DATA EXTRACT START

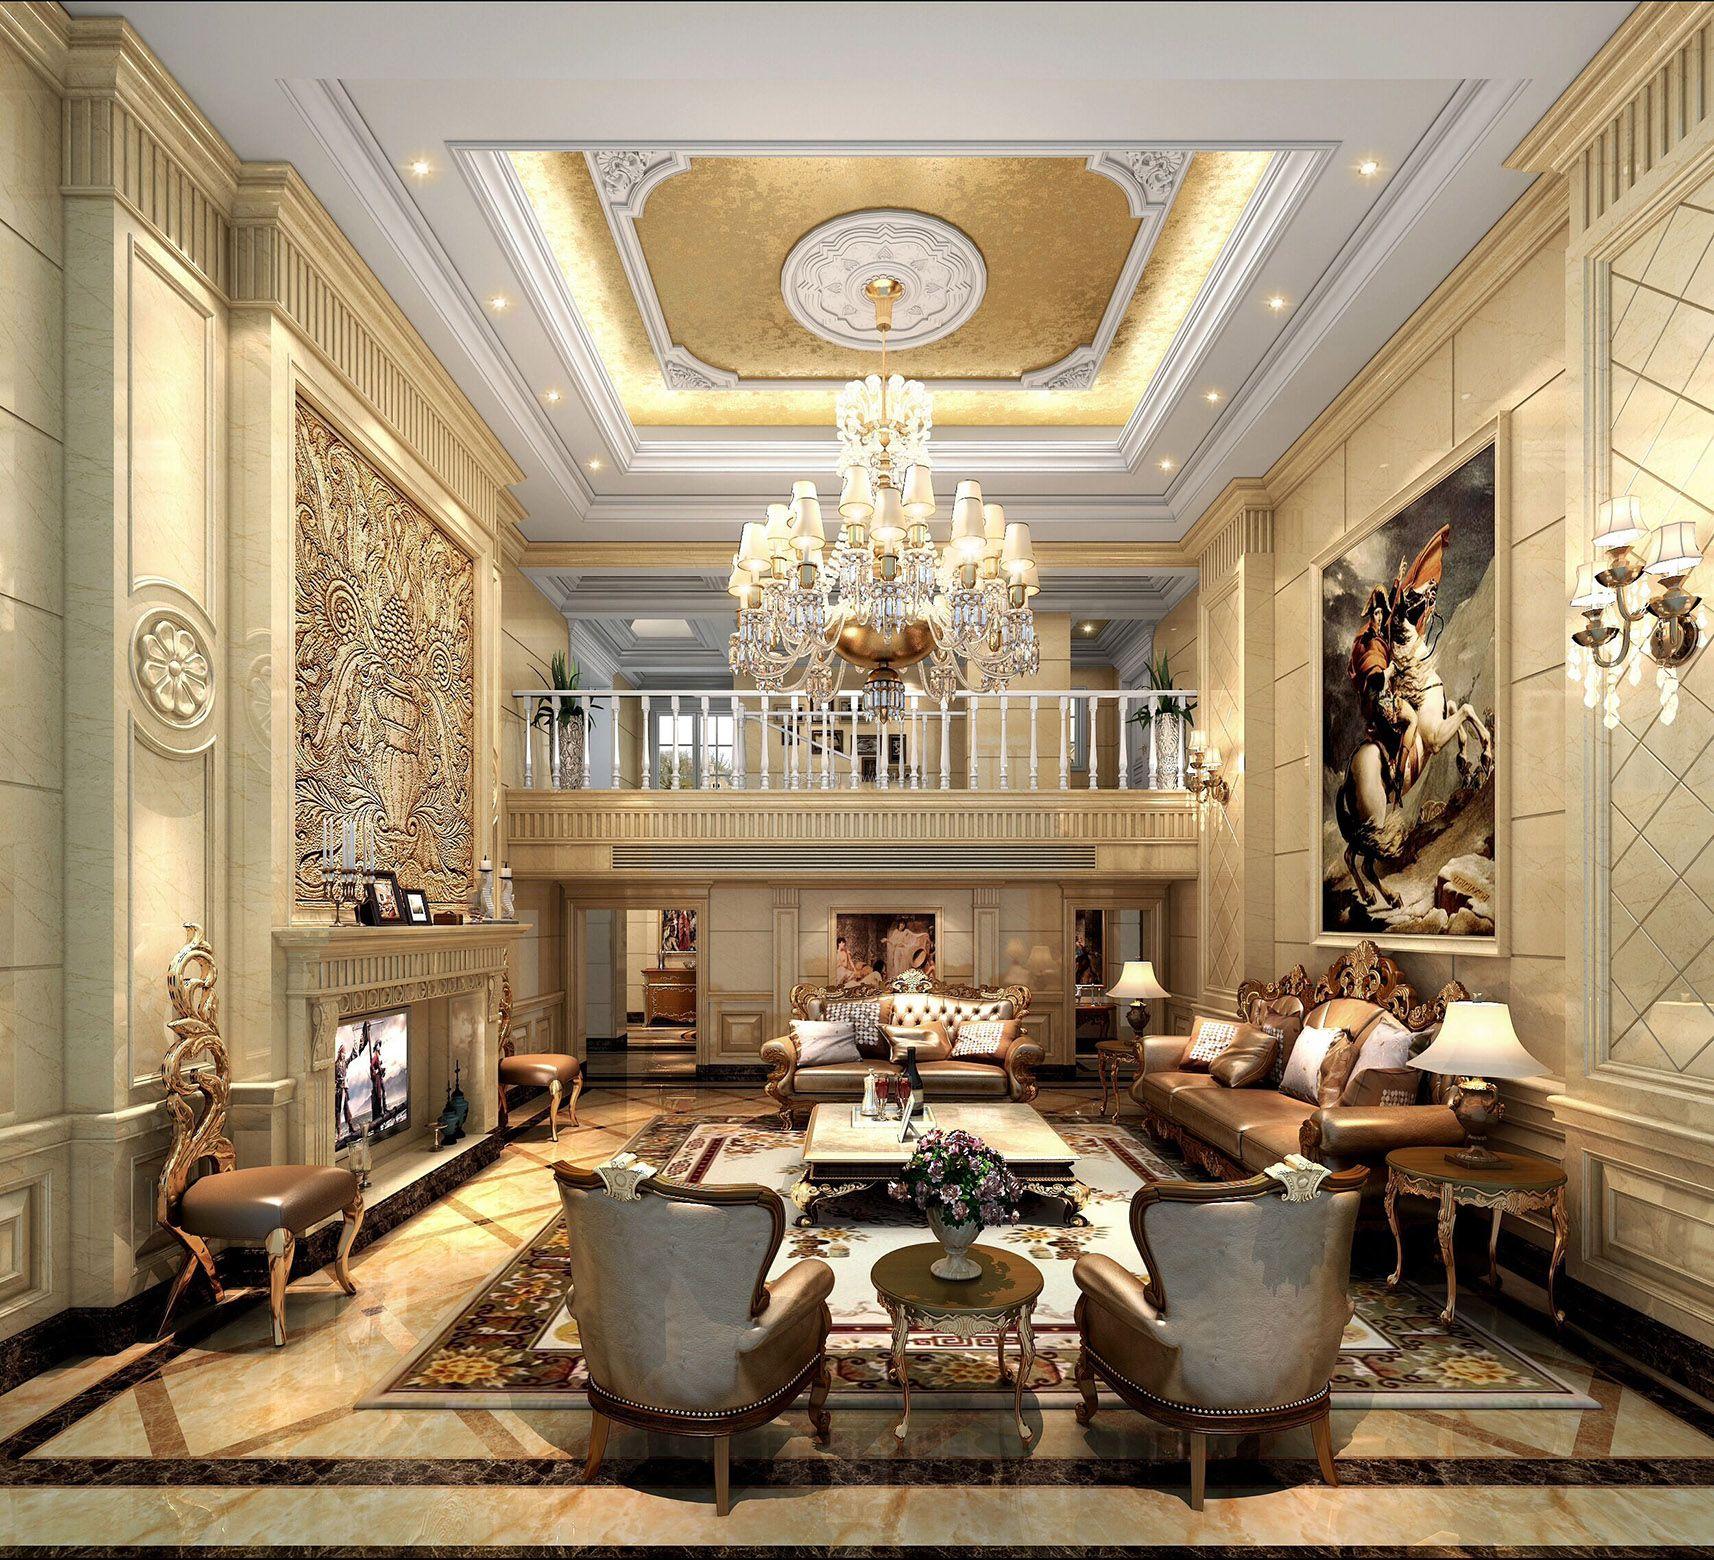 2017古典欧式豪华别墅客厅壁炉电视墙设计装修效果图图片
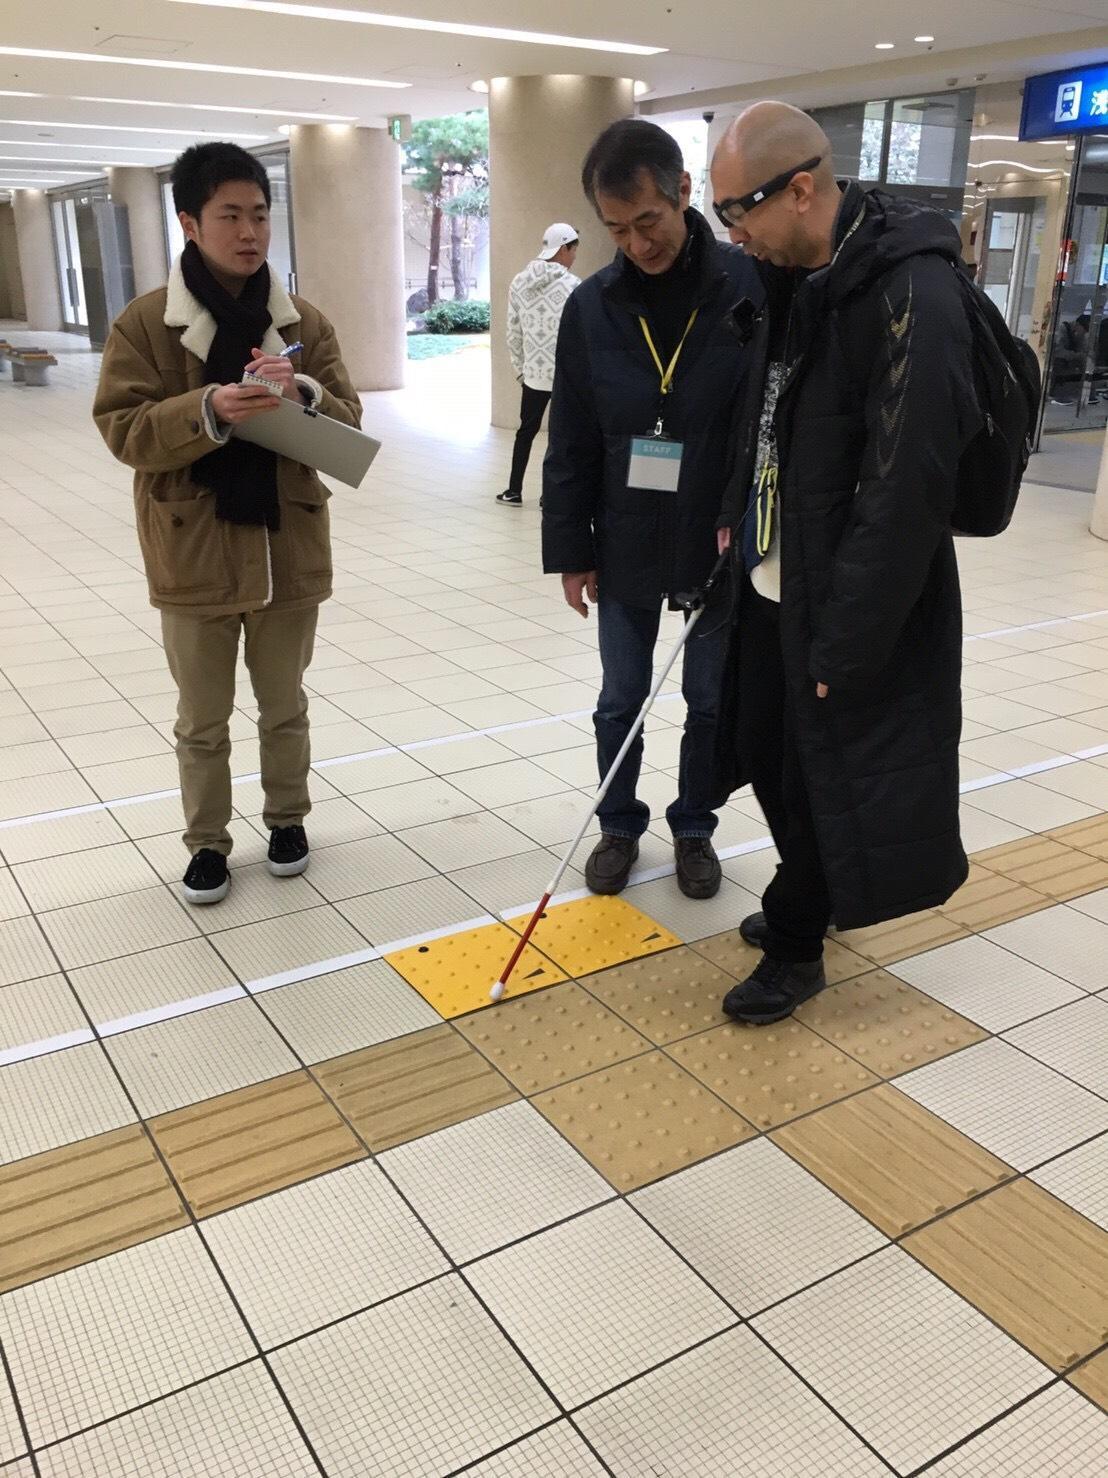 金沢工業大学が「コード化点字ブロックを活用したAI音声誘導サービス」の社会実装研究を開始 ~オープンデータ化し、金沢発の事業として他の自治体での普及も目指す
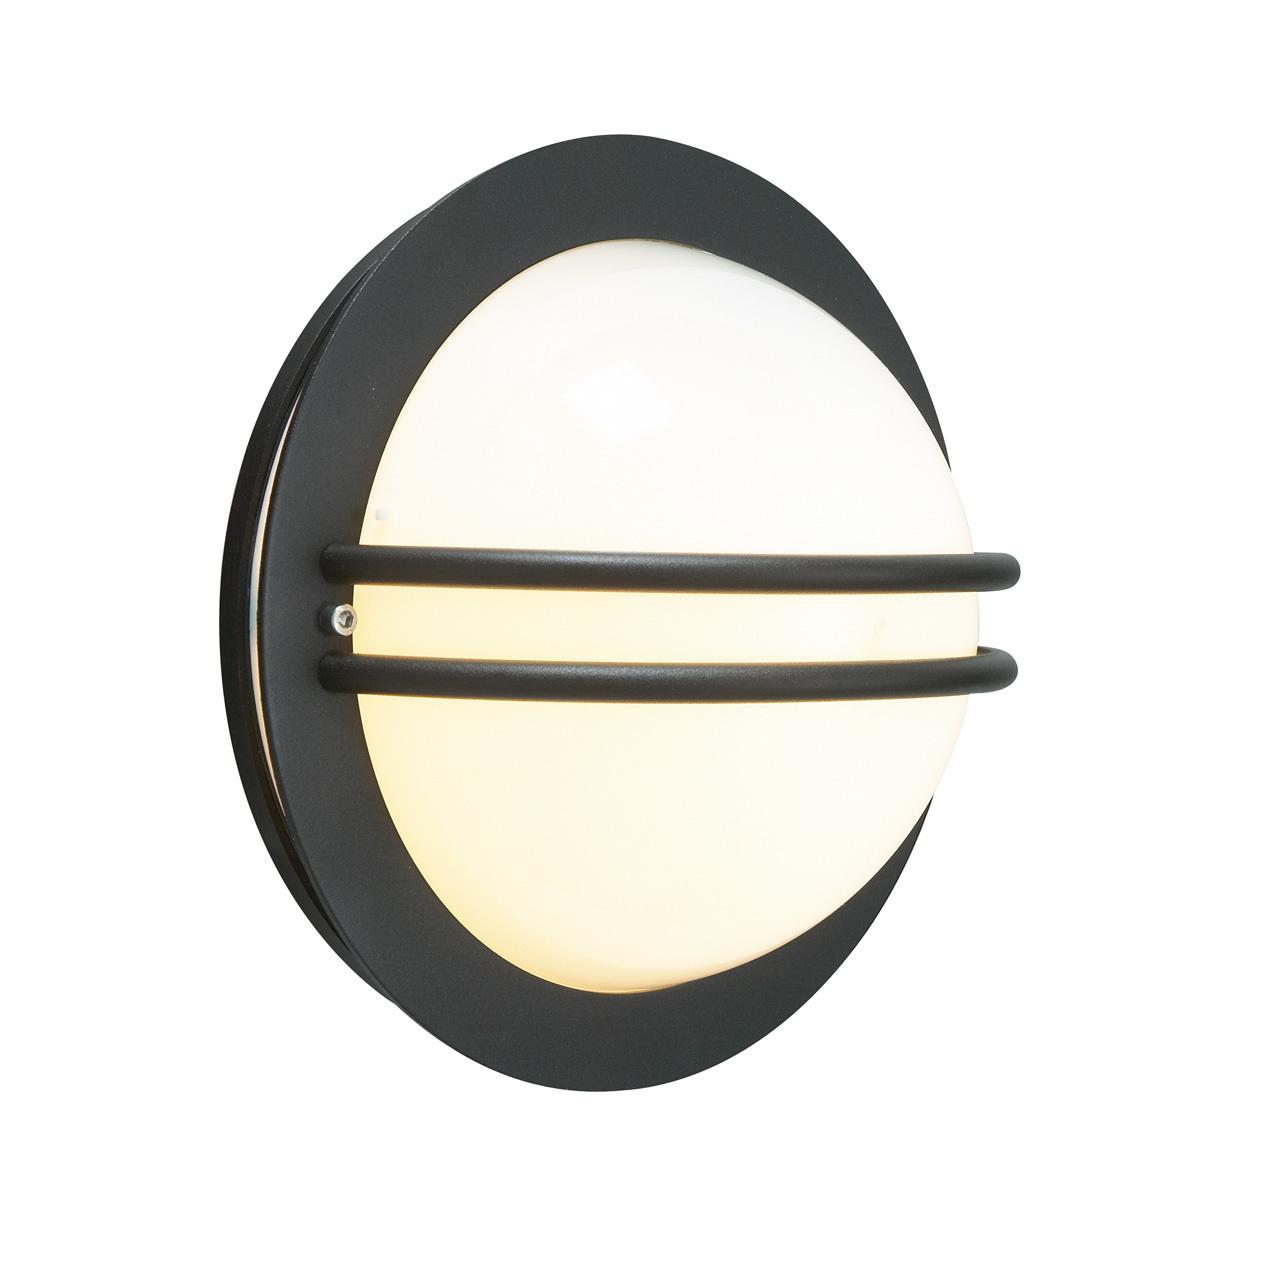 Lampa ścienna BREMEN LED 637B -Norlys  SPRAWDŹ RABATY  5-10-15-20 % w koszyku

DATA EXTRACT END

● PROBLEM STATEMENT:
In the listing above, retype exactly, and only, the lines from the one containing "金沢工業大学が「コード化点字" through the last line, both included. Omit the pictures.

● ANSWER TO THIS TASK:
 金沢工業大学が「コード化点字ブロックを活用したAI音声誘導サービス」の社会実装研究を開始 ~オープンデータ化し、金沢発の事業として他の自治体での普及も目指す
 Lampa ścienna BREMEN LED 637B -Norlys  SPRAWDŹ RABATY  5-10-15-20 % w koszyku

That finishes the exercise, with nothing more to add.